With the continuous advancement of Tunnel Oxide Passivated Contact (TOPCon) solar cell technology, increasingly stringent demands are being placed on the printing precision of electronic pastes. Polymer binders, as critical components of electronic pastes, play a pivotal role in regulating viscosity, enhancing rheological properties, and improving printability. However, the specific action mechanisms by which polymer binders within electronic pastes, as well as the synergistic effects among different polymers, remain insufficiently explored. The effects of various polymer binders on the rheological and printing properties of organic carriers and electronic pastes were systematically investigated.

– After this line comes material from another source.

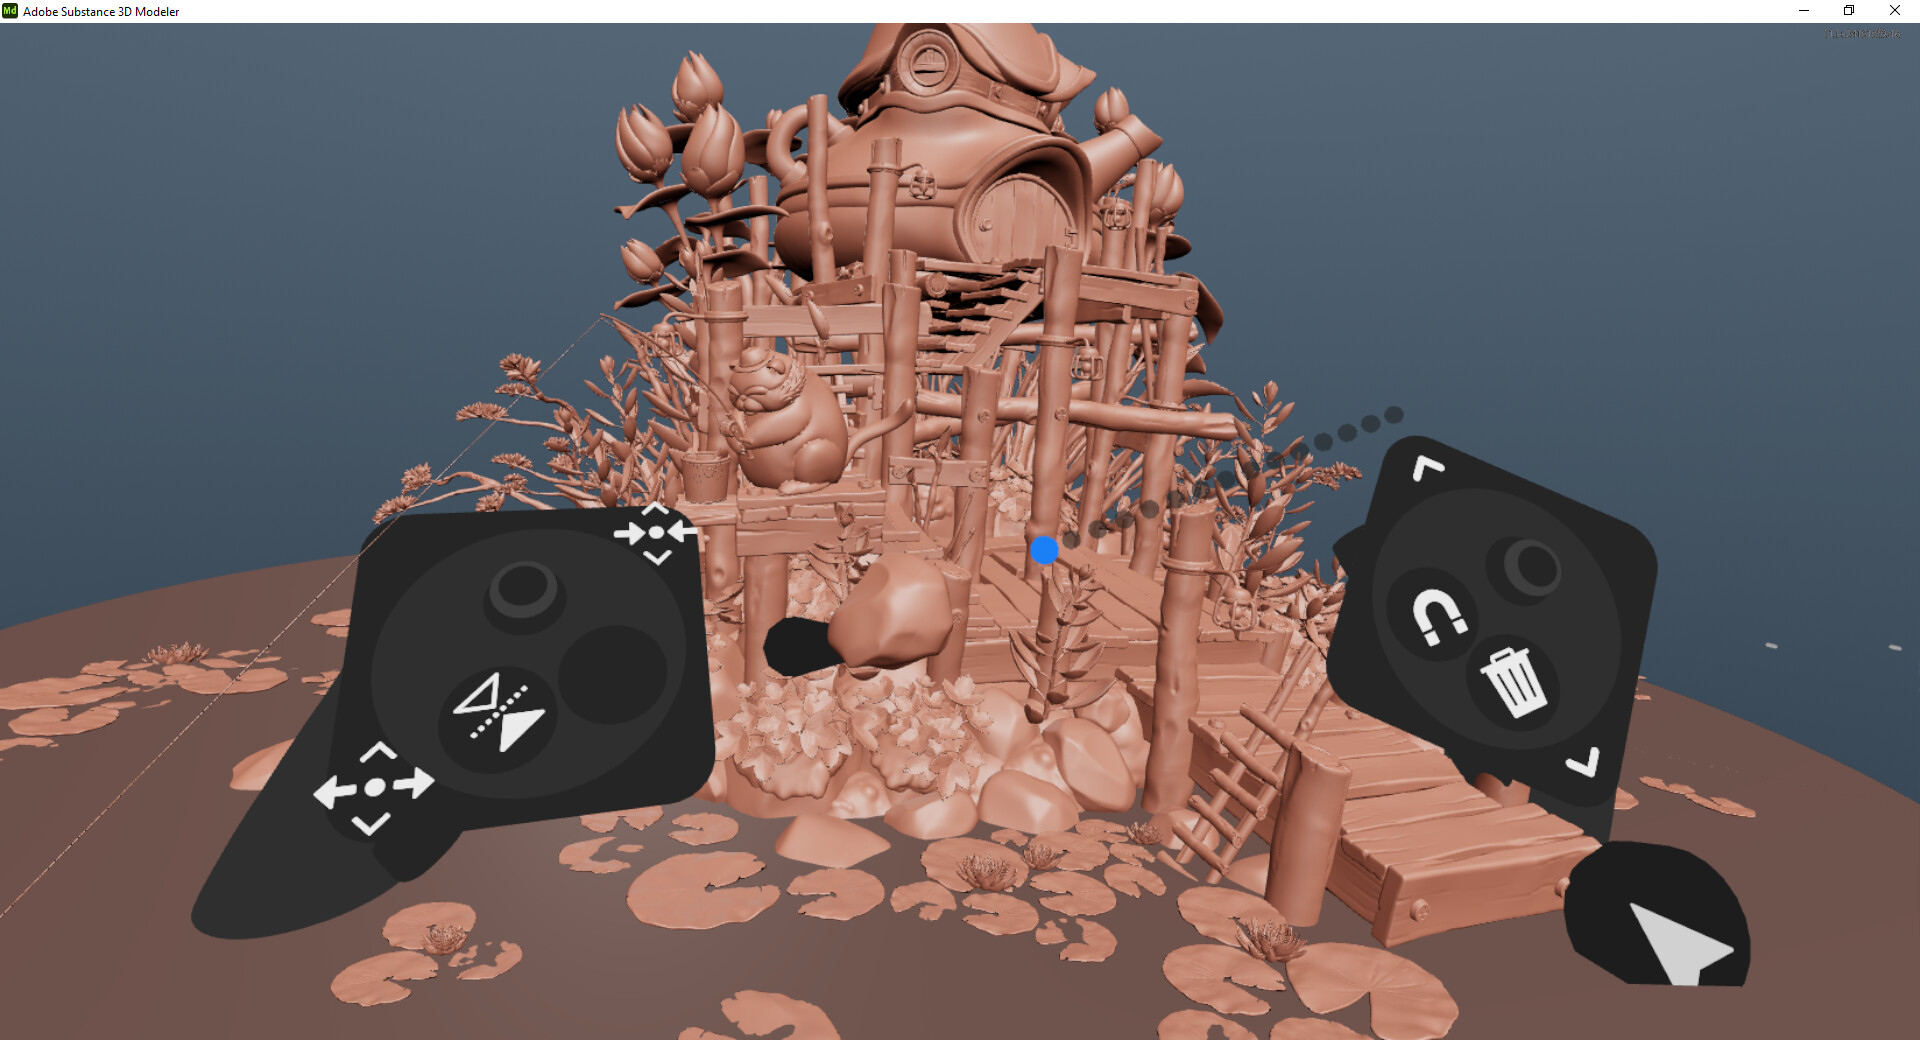 Adobe 物质 3D 建模器（Adobe Substance 3D Modeler）

The optimal concentration of polymer binders was determined by the viscosity of organic carriers and the wettability of silicon wafers. The flow behavior and rheological properties of organic carriers and electronic pastes were evaluated using the Ostwald-de Waele power-law model and the Herschel-Bulkley model, respectively. Additionally, screen printing was employed to evaluate the action mechanisms of polymer binders in electronic pastes. High quality electronic pastes (Ag-PSE and Ag-PSC) with excellent rheology properties and printability were successfully developed through the matching and combination of polymers. The optimized electronic pastes exhibited suitable viscosity, high pseudoplasticity, and excellent structural recovery. When utilized as TOPCon front fine grid pastes, the electrode grid lines produced via screen printing and sintering demonstrated high aspect ratios (0.4308 and 0.4324), narrow line widths (only 23.22 μm and 24.45 μm) and low resistivity (2.52 × 10^–6 Ω cm and 2.54 × 10^–6 Ω cm).